As would happen in the middle of a series, I haven’t had the time to hunt up and rewatch the rest of the Don Bluth and Hayao Miyazaki films that I need to see to finish their match up. So in the meantime, please enjoy my gushing review of one of the more bizarre and polarizing movies you will ever see (with a director who fits the same description).

 

A Freakish Vision Perfectly Realized

This is one of those movies tough to put on a rating scale. Going by how well it accomplishes what it sets out to do, it’s an easy 10/10. By how much I appreciated the experience, I’m still not sure myself. Not much lower though.

 

Every so often, I’ll come across a genuine mind trip of a movie, one that’s not just strange but challenging in some unsaid way. And that challenge only grows more layered across the runtime. Even in the trailer, I could feel a magnetic quality in Gummo. The brief testament to life’s beauty all but resonated with the odd, affectionate images of poverty. The film includes as much crude and disturbing content as some of the worst attempts I’ve seen to make money off of cynical shock vaule. But this isn’t cynical, and it isn’t really shock value, and most of it doesn’t even feel at odds with the rest of the vision.

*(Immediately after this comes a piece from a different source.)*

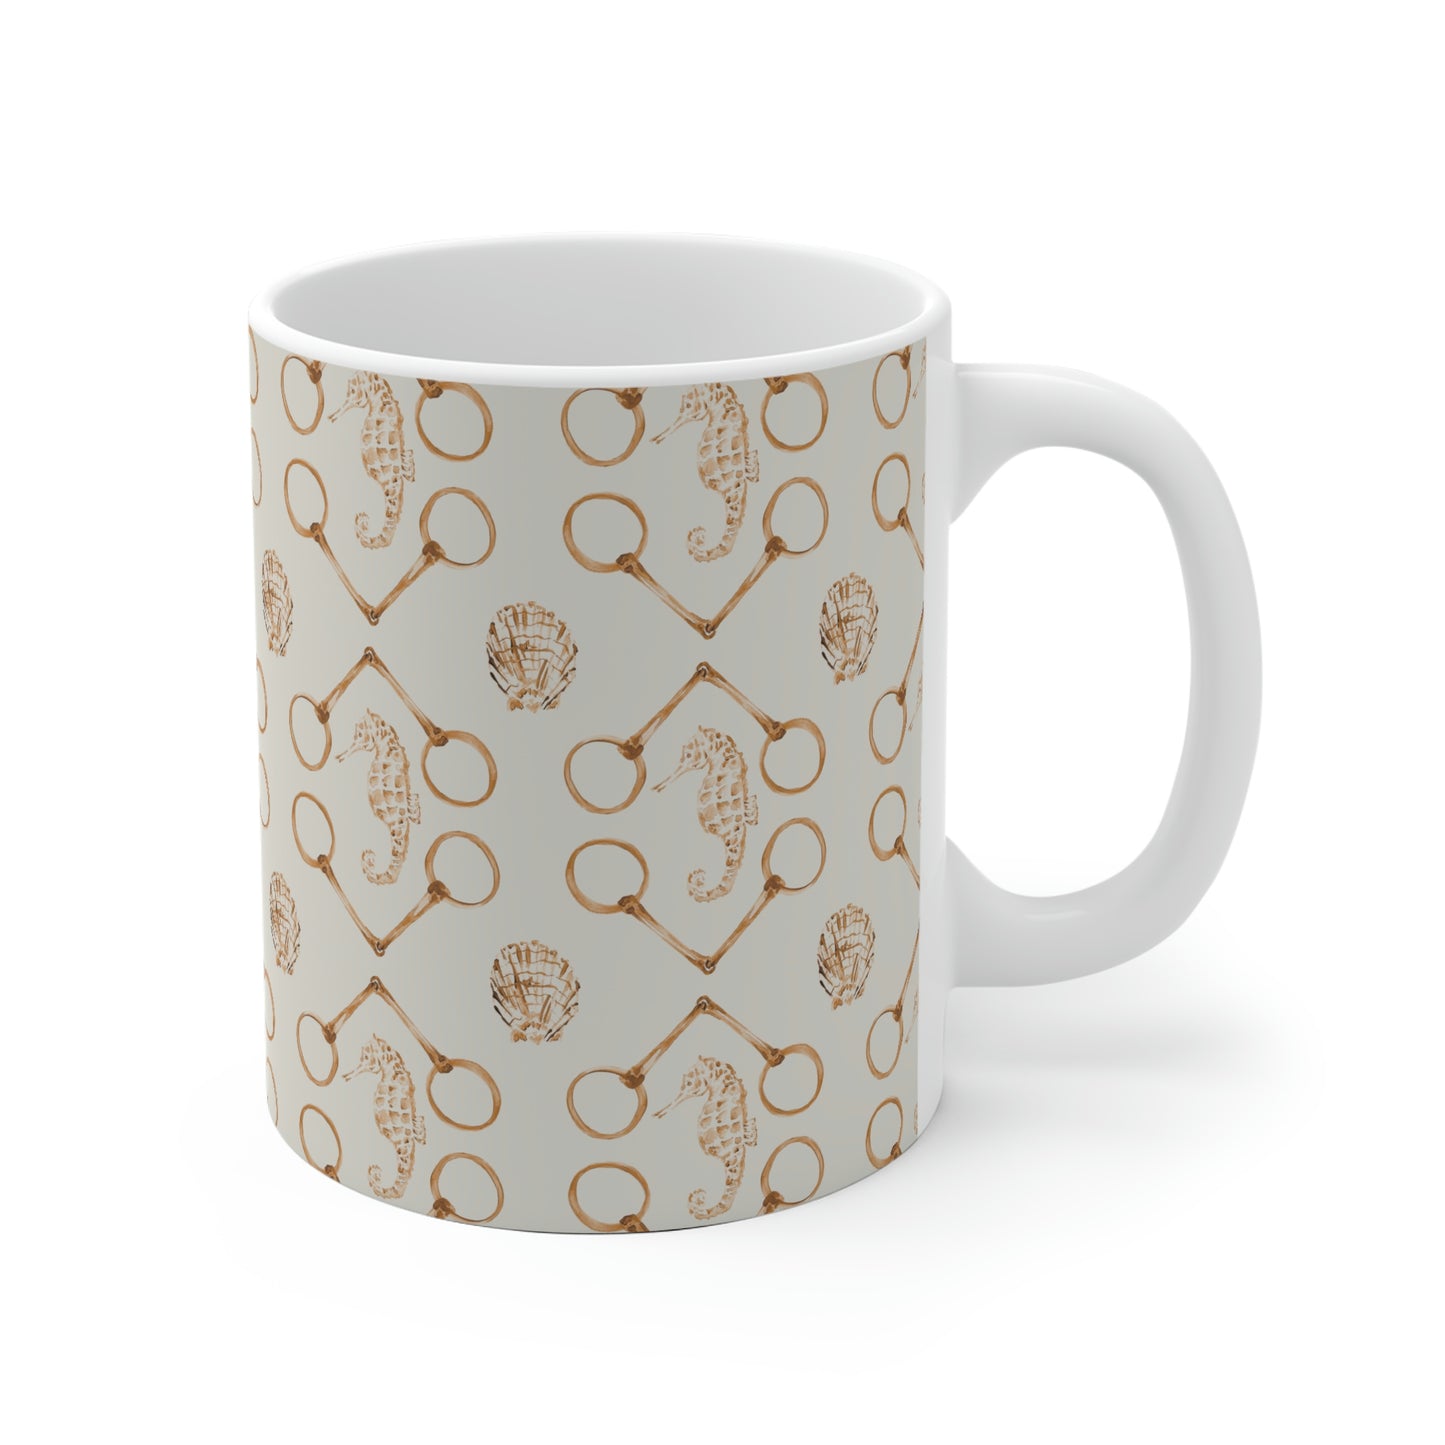 Sea Horse and Bit- Spice White Ceramic Mug

On one hand, I’m inclined to say that a plot with roughly three acts, which the film deliberately avoids, is the popular storytelling form for a reason. But where I’ve paused during my favorite movies to think about the score-out-of-ten and what magnitude the experience had reached, I had forget this during Gummo. It only detracted from the experience.

 

I should ad that I didn’t intend to watch it at first. My first encounter with Harmony Korine was when “Trash Humpers” became a candidate for the movie to watch at next week’s Obscure Movie Group meeting. I decided to skip that week. (I heard it lost to Pink Flamingos.) But I read up on Trash Humpers just to see what corner of the no-budget, no-effort grade z film world the people in charge had dug it out of. Learning that it not only had drawn some attention but had a few critics giving it dead-serious praise was the first hook. In fact, making it look like a grade-z film was a deliberate choice by the director. From there I just had to know more. And everything I came across was somehow intriguing.

 

Intriguing is the word of the day here. Korine has yet to achieve a fresh score over at rottentomatoes.com, yet the consensuses two of his movies have been given sound like they’re secretly on his side. His early films, including Gummo, seem to be his most admired as well as his lowest scoring. There is definitely a “trademark odd beauty” to them, but many of the negative reviews insist they’re as pretentious and detestable as they could possibly be. I’ve also noticed a few speculations on why people say such things. Here’s mine;

 

I think we can agree that people don’t gravitate towards things that are too outside the norm. We need to get used to the idea of something before we can trust it. If it doesn’t easily fit into one of the labels we have ready, we come prepared with “annoying”, or “stupid”, or at the very least “weird”. Gummo is “weird” to most people, and disturbing on top of it. For that, most don’t want to understand or consider it, writing the whole thing off as disguised ugliness. While simply declaring other critics’ opinions invalid is unfair, I think it’s a misunderstanding to say that Korine is “mean”, “smug”, “sour”, or “pretentious”. Korine has said that he made this film because he finds the people portrayed very interesting, and his sincerity is clear. What his film sets out to do is not to judge them, or us, but simply to show us life on their terms. This isn’t a statement. It’s a tribute. It’s a collage, both realistic and dreamlike. The images are funny, sad, adorable, pitiful, and oddly nostalgic. Sometimes what it portrays is dispicable, and the dislike I felt probably did drop my approval a little. But every moment has a place in this visceral image of life that Korine weaves, and as the main character says, though he seems to forget it himself at points, “Life is beautiful. Really it is. Full of beauty and illusions.”

 

I still can’t put my finger on Korine himself. Watching him in person, he’s awkward and sometimes unintelligible. Reading his prepared statements, he’s confident and assertive in his visions that seem operate on a different plane. He claims to admire or identify with the subjects of just about every movie he makes, which sort of sounds visionary and pretentious at the same time. But if it’s made one thing clear by now, it’s that Korine is not worried about how he comes across. Whether a good one or not, he’s a true artist out to express visions, not elevate our vision of him. He is, I agree, “the real deal”.